- _YOUR INSTRUCTIONS_
Provide again, from the entries below, every line from the one containing "Boushra Almutawakel, Yemeni photographer" through the one containing "Palace Wedding Inspiration", exactly as written, and no other line.

++++ RECORDS TO USE

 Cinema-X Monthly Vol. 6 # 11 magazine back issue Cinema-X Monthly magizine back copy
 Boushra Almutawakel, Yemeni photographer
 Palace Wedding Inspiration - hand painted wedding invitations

++++++++
++++ RECORDS TO USE

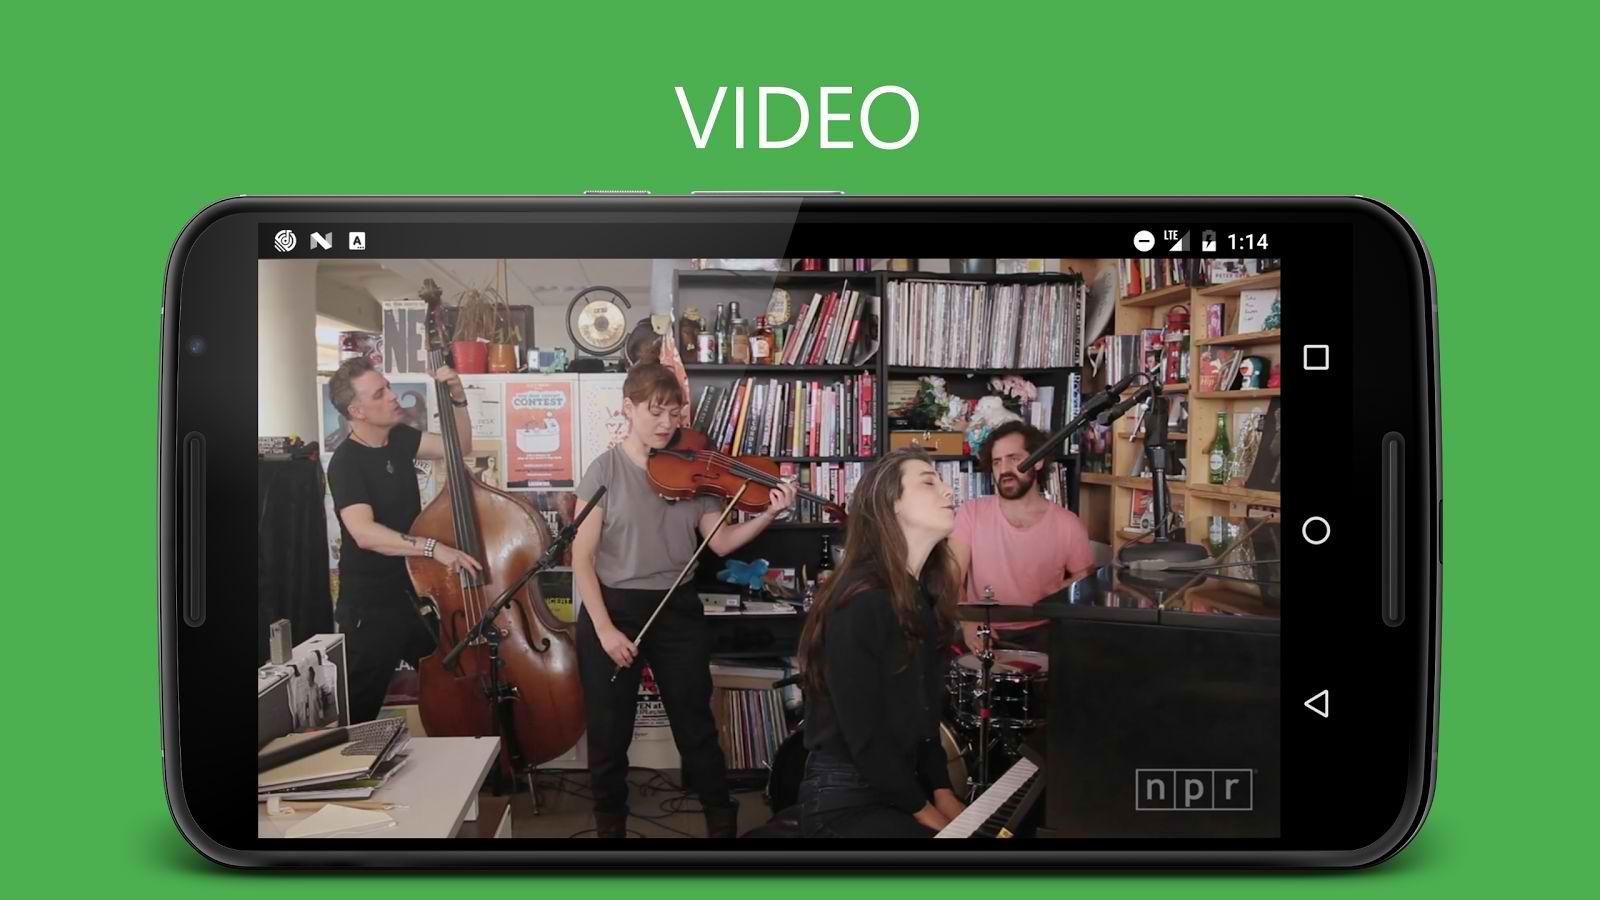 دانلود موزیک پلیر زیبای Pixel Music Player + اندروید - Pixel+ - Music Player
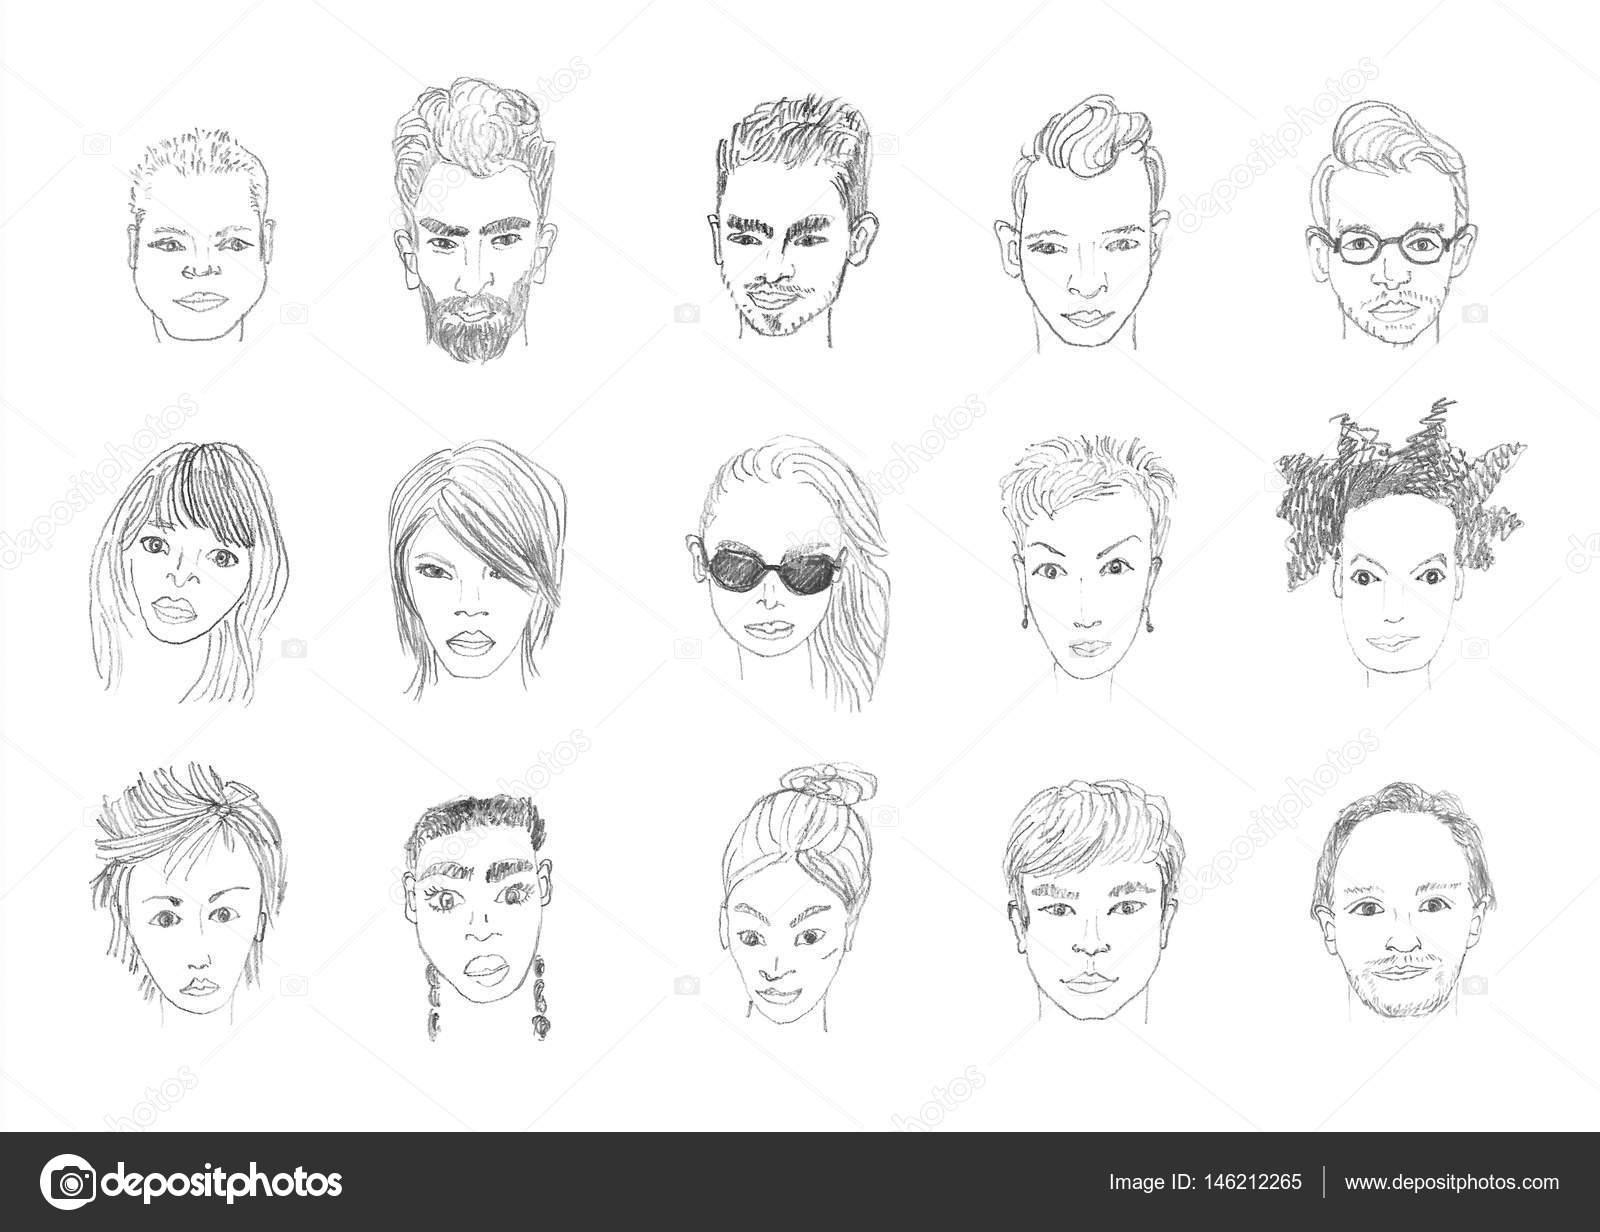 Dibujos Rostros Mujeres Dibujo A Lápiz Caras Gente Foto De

++++++++

- _RESULT OF THIS EXERCISE_
 Boushra Almutawakel, Yemeni photographer
 Palace Wedding Inspiration - hand painted wedding invitations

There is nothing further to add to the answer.